Permaneció otro par de minutos totalmente concentrado en la lectura. Emitía sonidos de desaprobación al llegar a diversas líneas. Ella aprovechó este interludio para observarle atentamente. Los mechones de su oscuro cabello cuidadosamente despeinados, el flequillo que jugaba a desafiar la gravedad sobre sus ojos, los fuertes antebrazos y las cuidadas manos que sujetaban los papeles… empezaba a percibir a corta distancia el atractivo al que se había referido Sofía. Pero ella no era mujer de caer fácilmente ante los obvios encantos masculinos, así que dejó de observarle y rompió el silencio con una nueva pregunta.

—¿Serían fáciles de vender en el mundo del coleccionista privado?

—Muy difícil. Son muy reconocibles. Es complicado venderlas.

—¿Hay algo más que pueda decirme sobre su valor histórico?

—Sí, pero necesitaría algo más de tiempo. Hay algunas cosas que me gustaría preguntar a algunos viticultores y coleccionistas de Burdeos y Borgoña —pronunció DeauVille sin quitar ojo al listado.

—De acuerdo. Podemos volver a reunirnos otro día. —El francés levantó la vista y clavó la mirada en la inspectora. Y en su rostro surgió una nueva sonrisa, una nueva versión, una sonrisa repentina que a Oteiza le pareció totalmente sincera y que le provocó un extraño erizamiento en el vello de la nuca.

—Será un auténtico placer —pronunció bajando el tono. La inspectora notó cómo se incrementaba el calor en sus mejillas.

Venga Oteiza, por favor. No me jodas. A estas alturas no me digas que vas a ruborizarte.

Intentó combatirlo recogiendo los folios. Él puso una de las manos sobre ellos para impedírselo.

—Si no es mucha molestia, ¿puedo quedarme con estos papeles? —La pregunta hizo dudar a Oteiza.
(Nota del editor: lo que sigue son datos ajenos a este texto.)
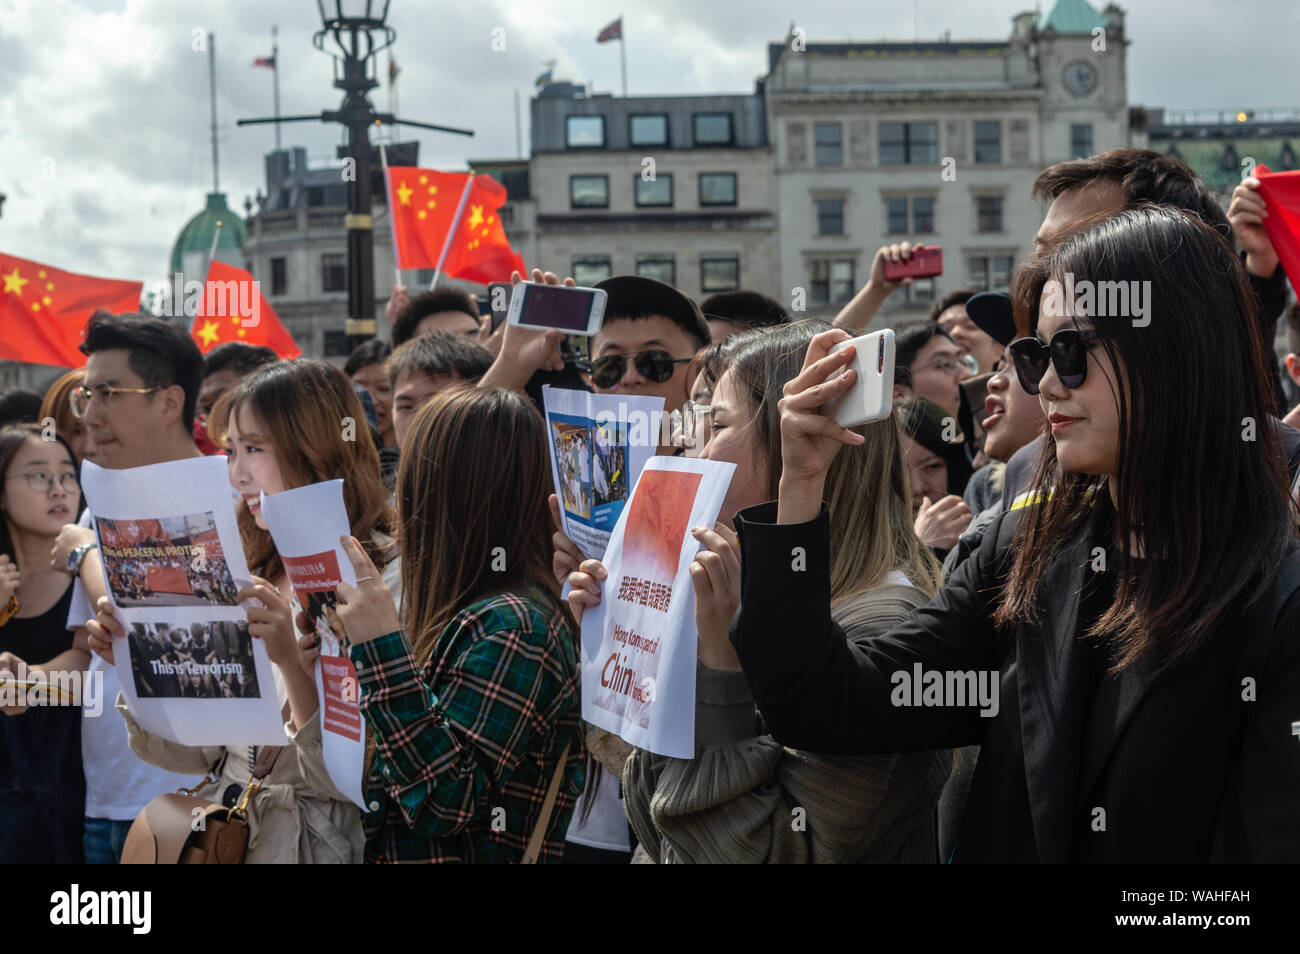 Opponents of the protesters at the UK Solidarity with Hong Kong rally holding posters. Stock Photo

No le gustaba dejar información de sus investigaciones en manos ajenas. Frunció el ceño y dudó durante unos segundos, sopesándolo.

—Está bien. Si con ello puede aportarme más información, adelante. —Se levantó y DeauVille también se puso en pie raudo y veloz. Buscó en la mochila una tarjeta con su número de teléfono y se la entregó—. Llámeme cuando sepa algo más. —Cogió la chaqueta y el casco y comenzó a caminar hacia la puerta.

—¿Disfrutó ayer de la subasta? No parecía muy entretenida en el cocktail en los jardines. —Las palabras de DeauVille la detuvieron en seco.

La inspectora no se volvió, y se forzó por detener la sonrisa que comenzaba a surgir en sus labios.

¡Qué cabrón! Me vio. Y se fijó en mí.

Reanudó su caminar, pero al llegar al último escalón, sintió la necesidad de girar el rostro y echarle un último vistazo. Y allí le vio, de pie, sonriente, con las manos en los bolsillos del pantalón, mirando atentamente cómo se iba.

Monsieur DeauVille, conmigo su juego le va a servir de bien poco.

Édouard siguió mirando el umbral de la entrada a pesar de que la inspectora había salido ya de la sala. Estaba intrigado, y mucho. Por las botellas, y por ella. Y hacía mucho tiempo que no estaba así de intrigado por nada.